• **Your instructions**
Print out the data exactly, keeping every image out of it.

• **Data section**

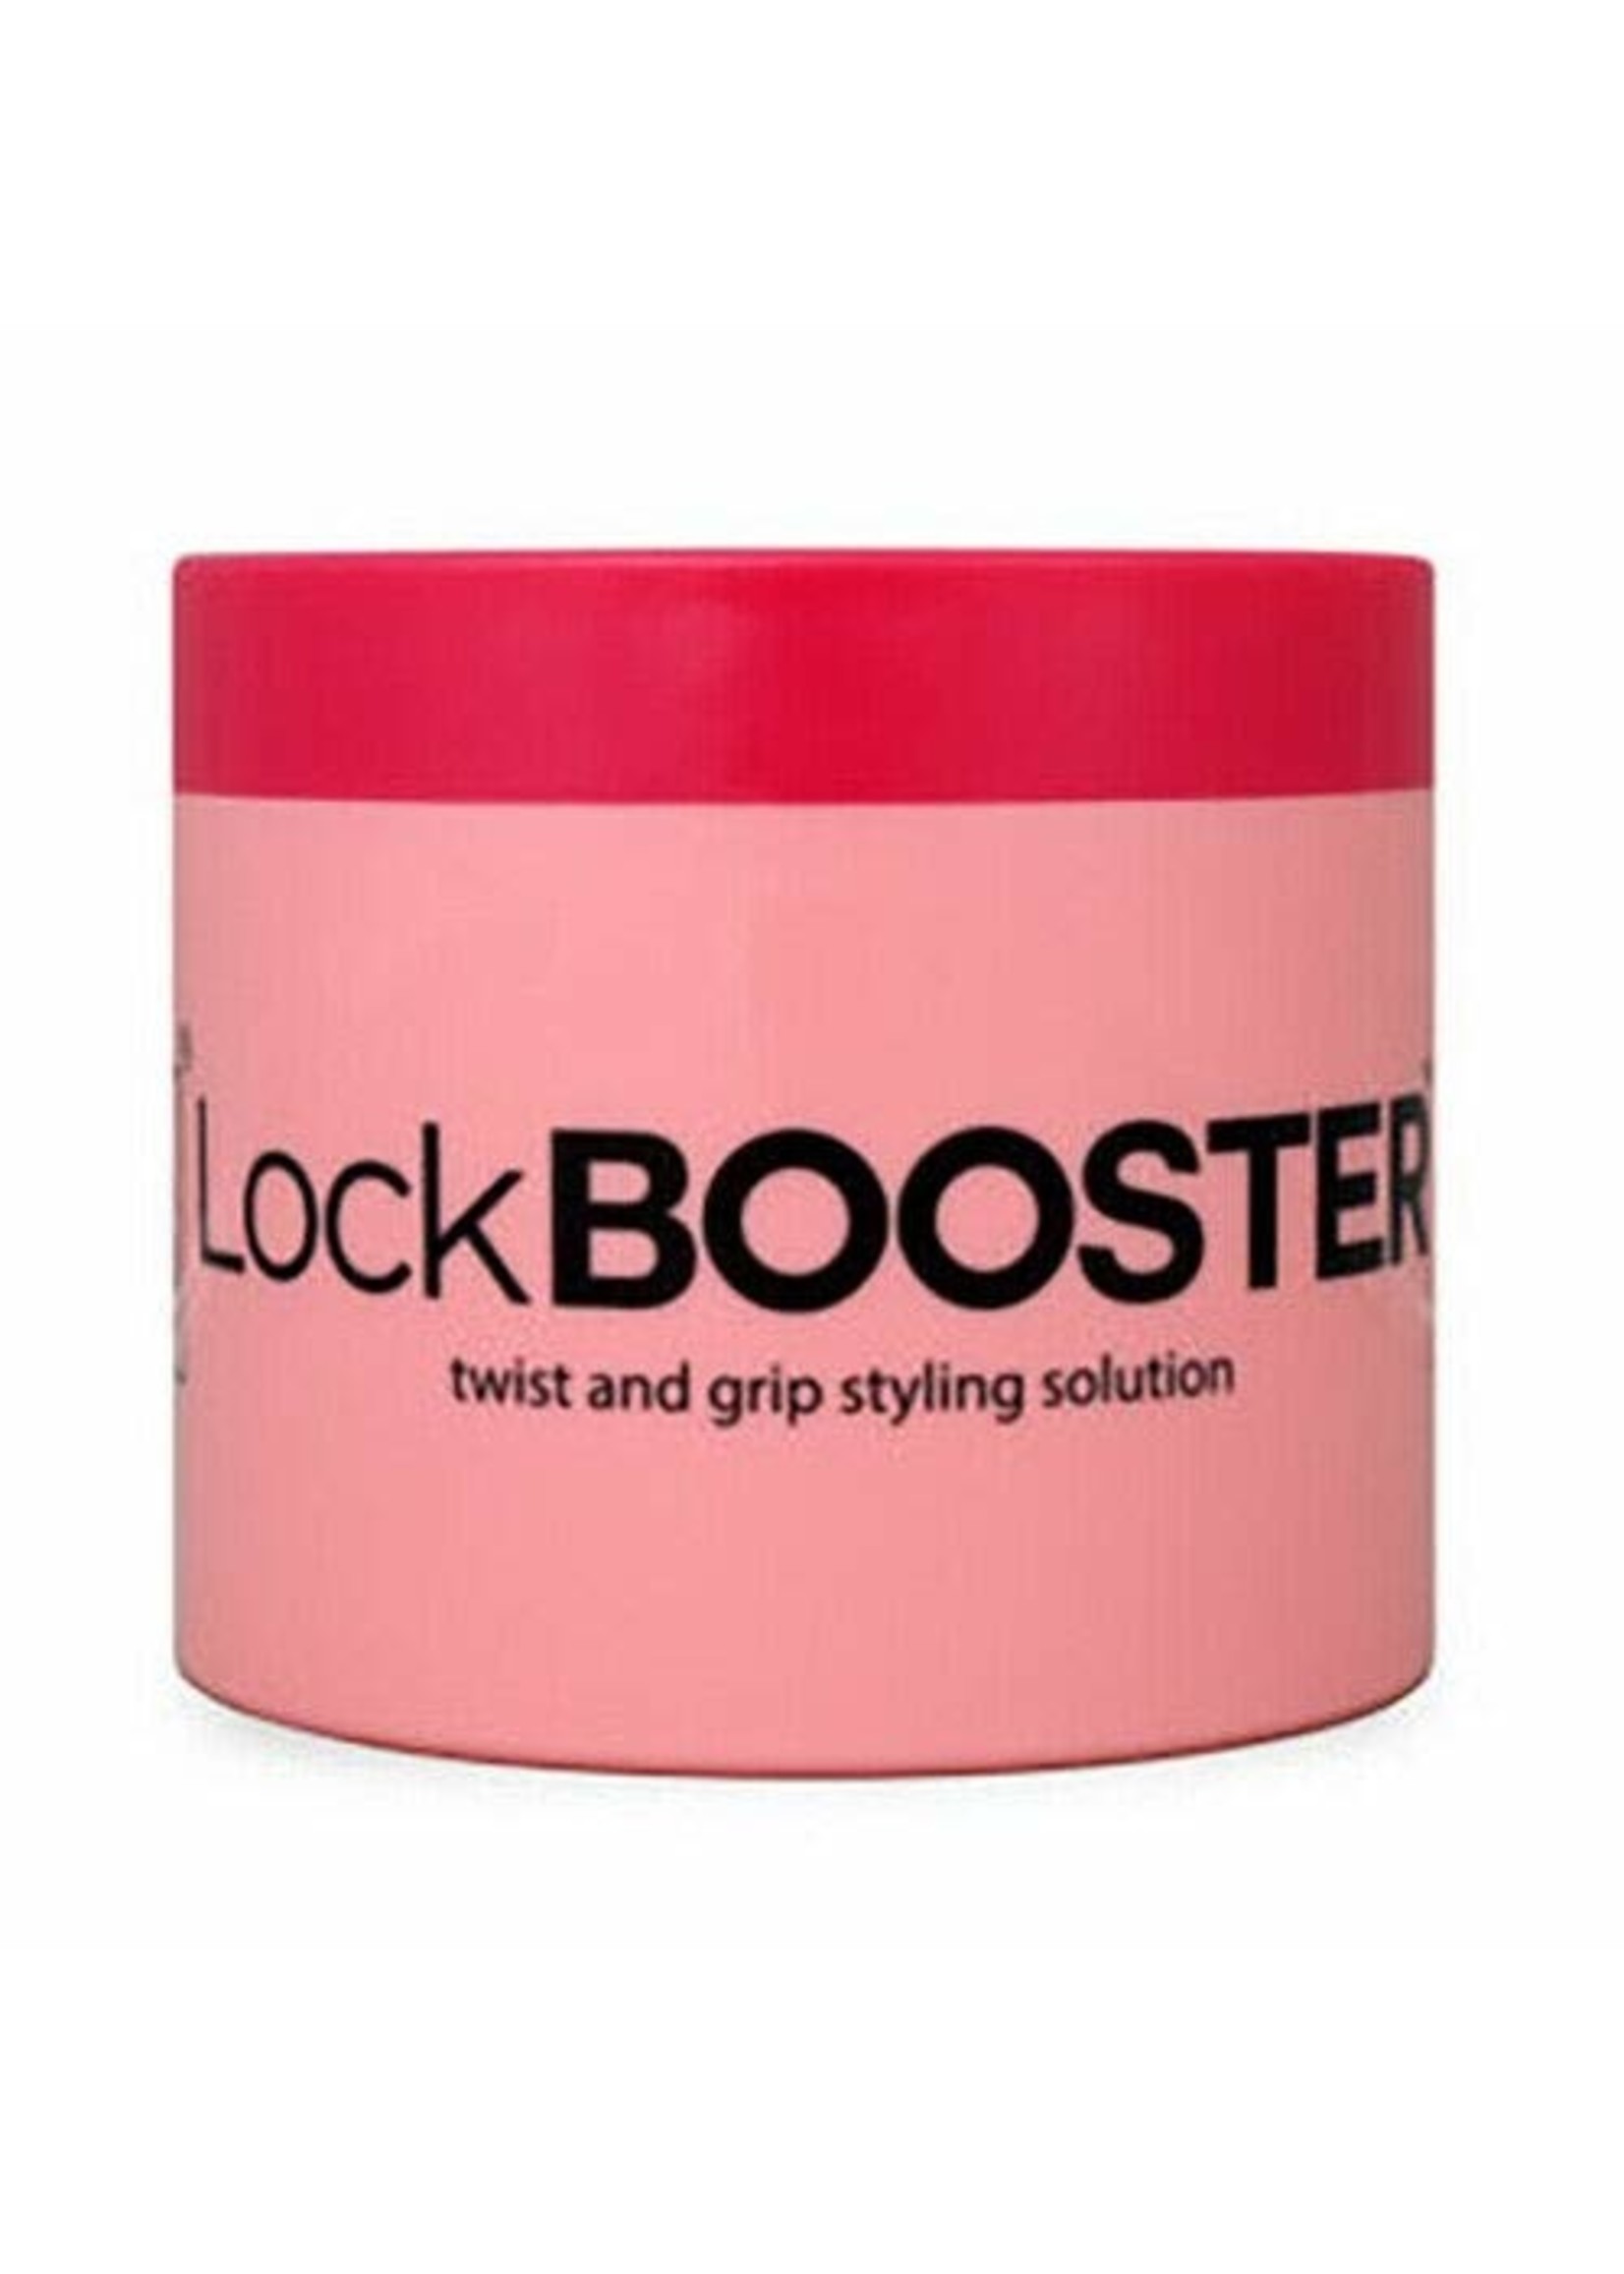 Edge Booster Lock Booster Rose Hip Oil Pink Top 10oz
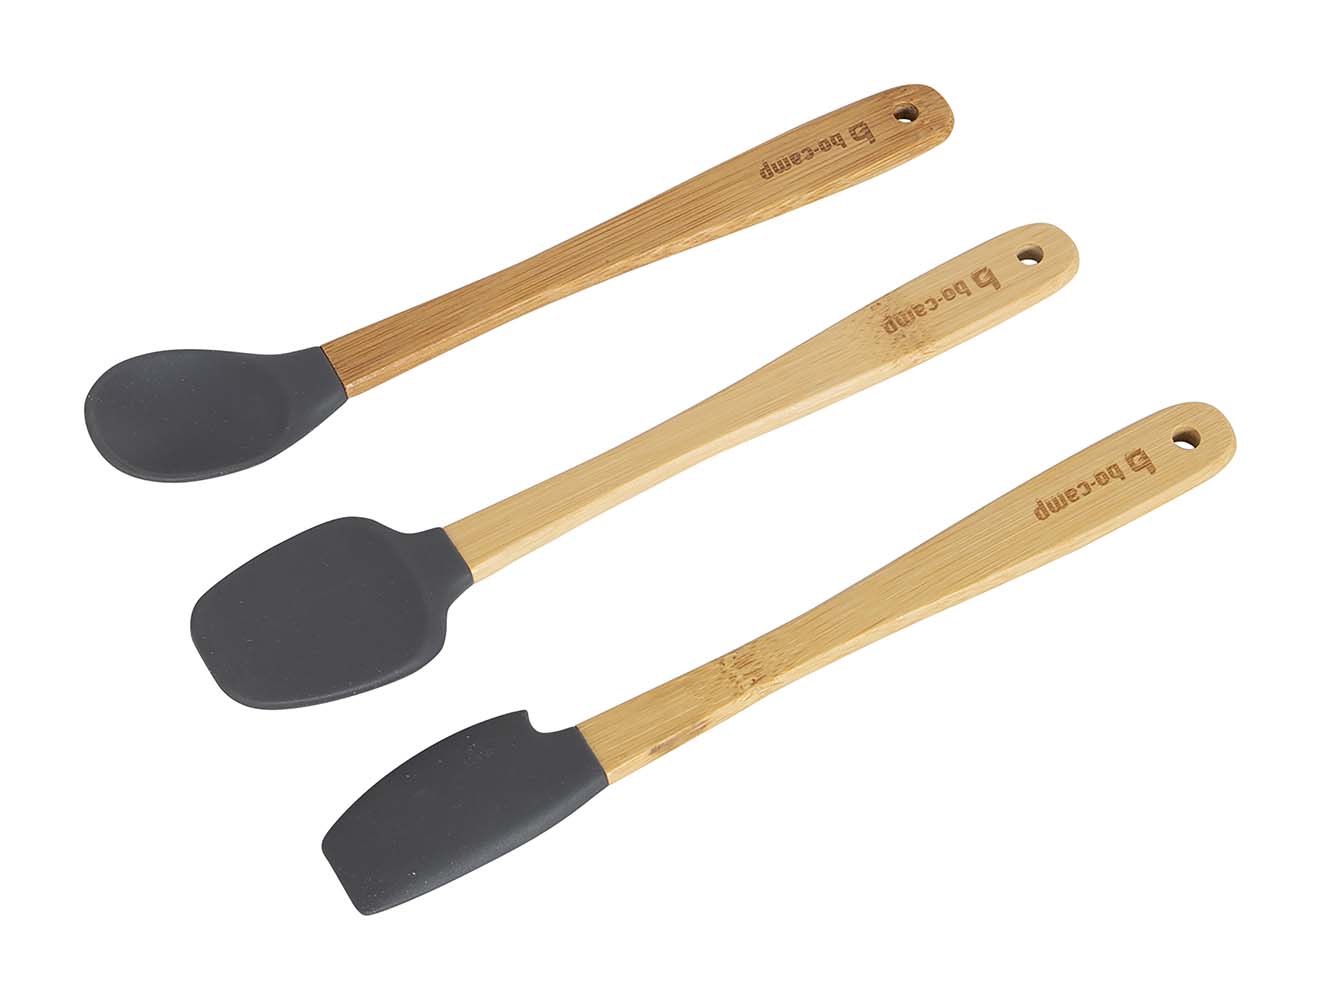 6102194 A 3-piece utensil set with bamboo handle and silicone tip. The kitchen utensils are light in weight, dishwasher safe and heat-resistant up to 200°C. The set consists of a spatula, scraper and serving spoon.
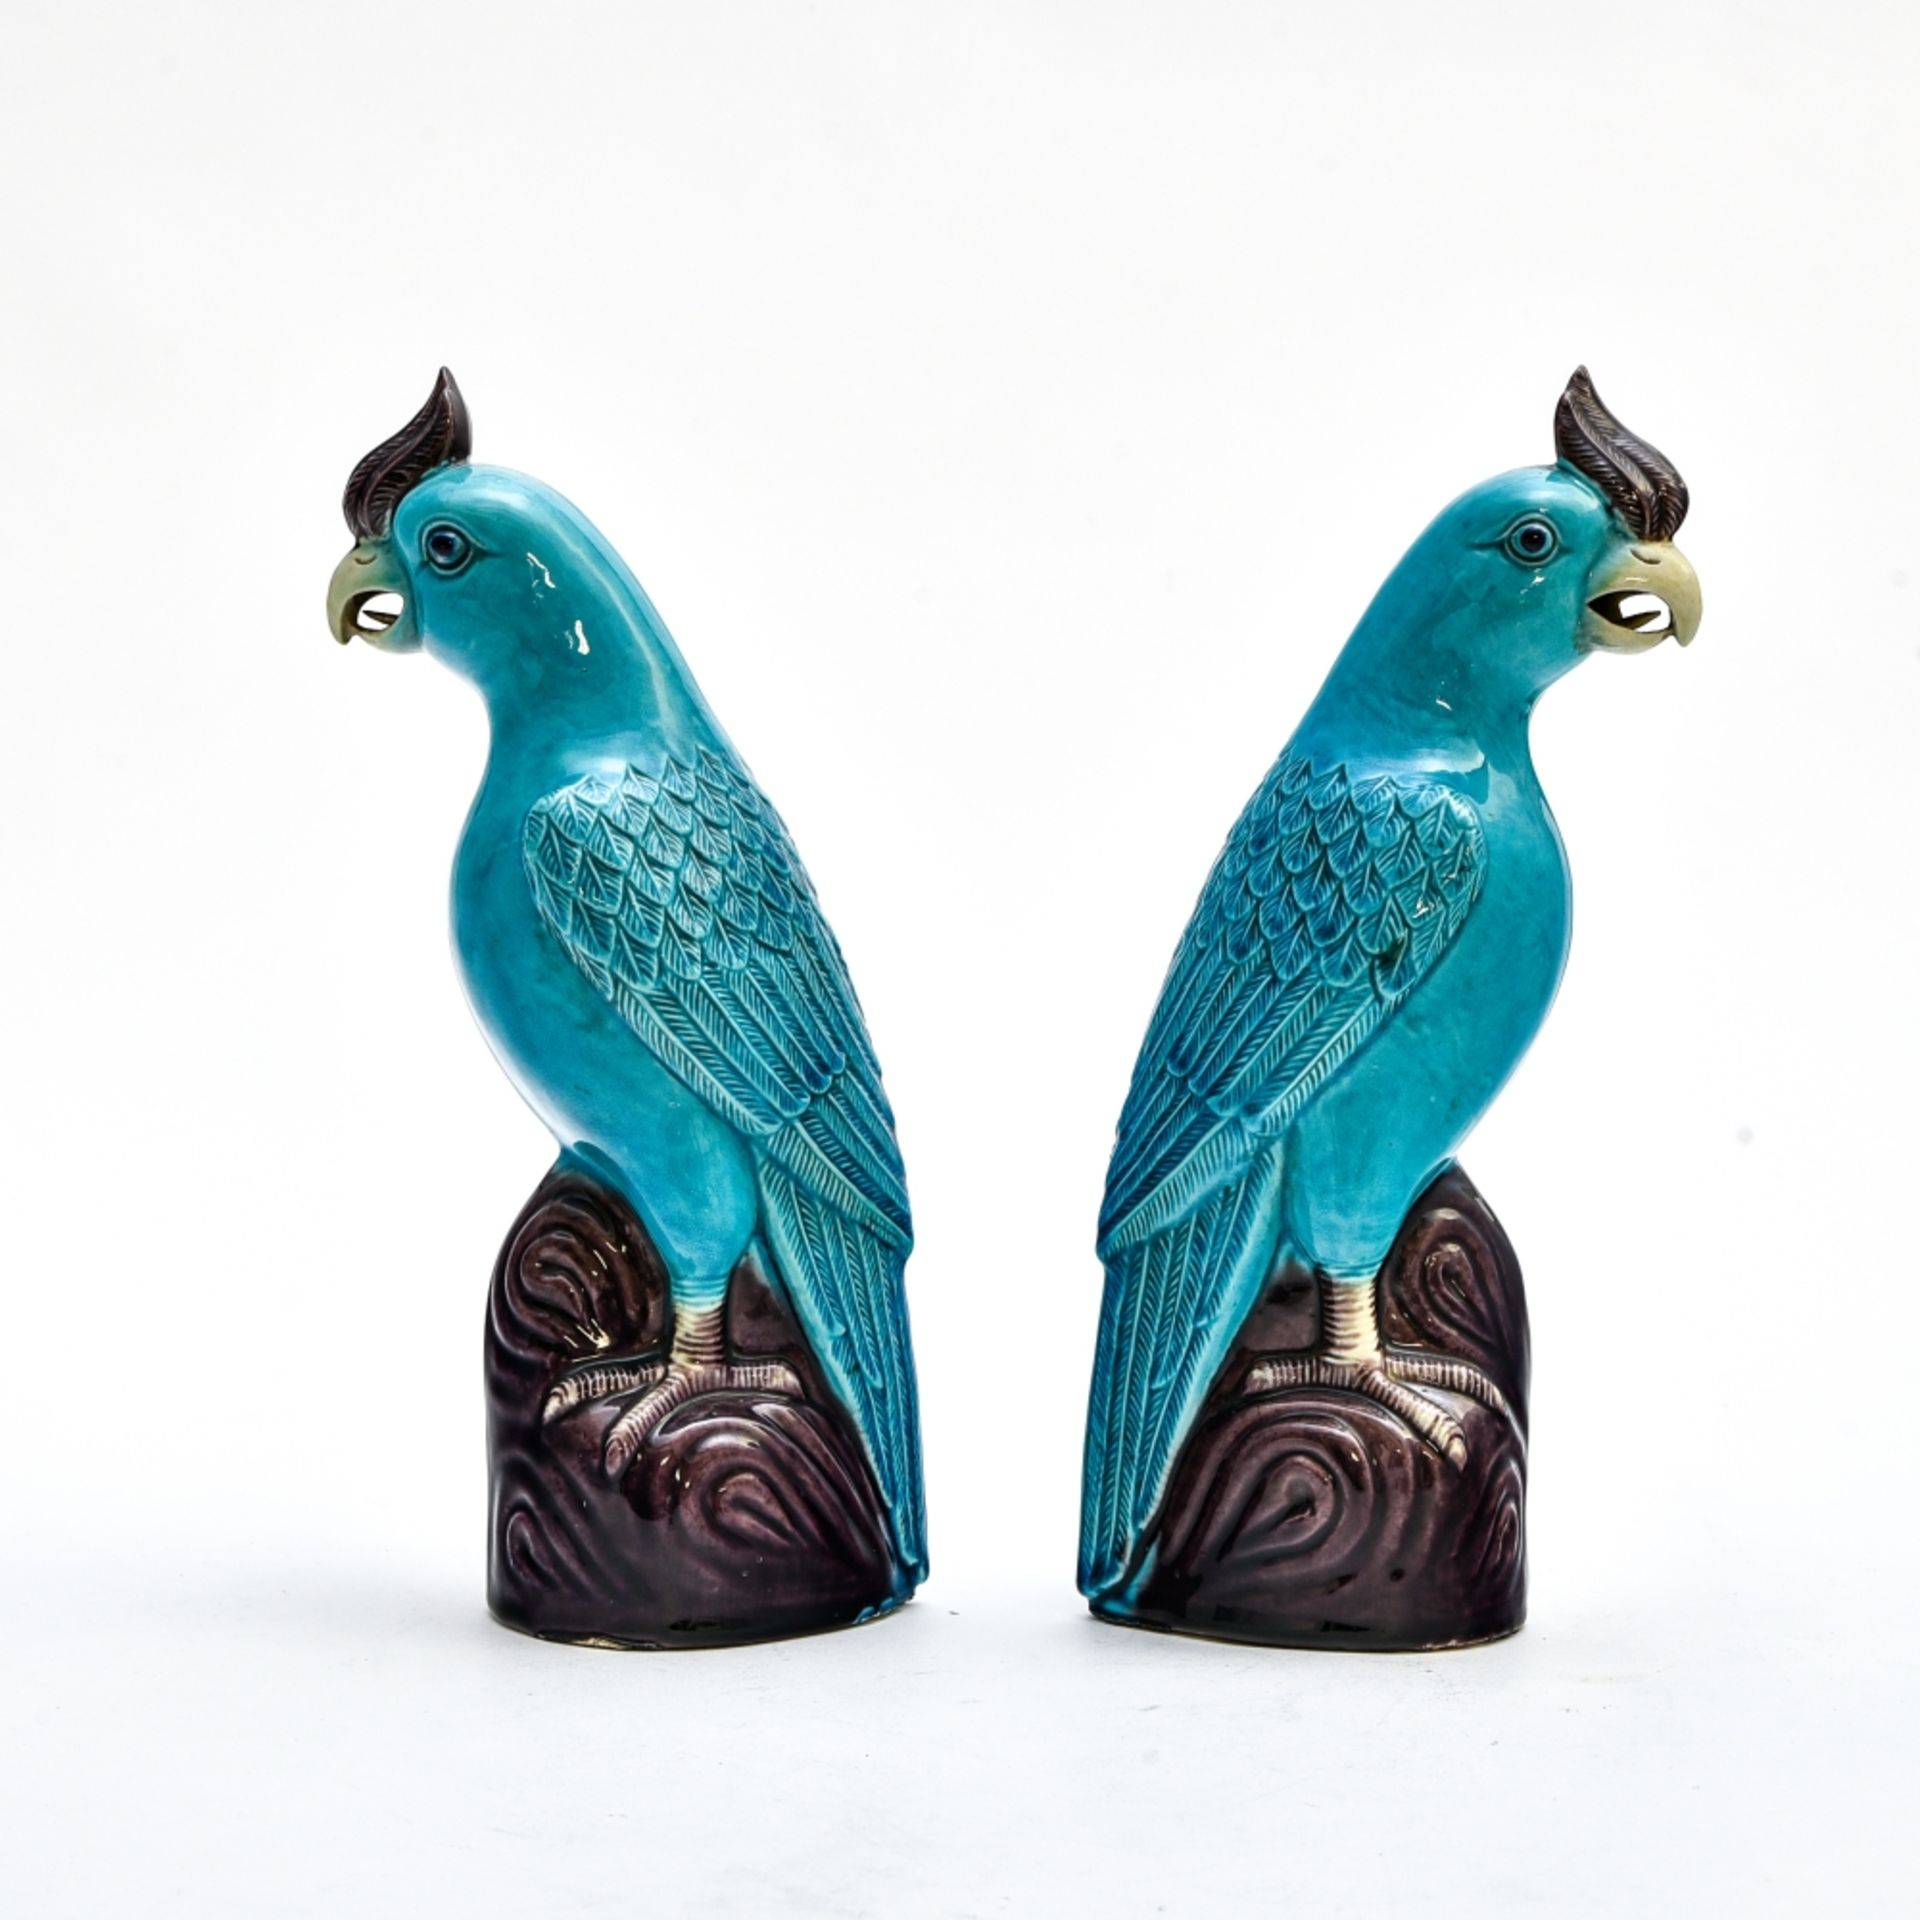 Two cockatoos 20TH CENTURY WORK polychrome enamelled ceramic H : 26,5 cm - Image 2 of 3

• **Task solution**
 Edge Booster Lock Booster Rose Hip Oil Pink Top 10oz
 6102194 A 3-piece utensil set with bamboo handle and silicone tip. The kitchen utensils are light in weight, dishwasher safe and heat-resistant up to 200°C. The set consists of a spatula, scraper and serving spoon.
 Two cockatoos 20TH CENTURY WORK polychrome enamelled ceramic H : 26,5 cm - Image 2 of 3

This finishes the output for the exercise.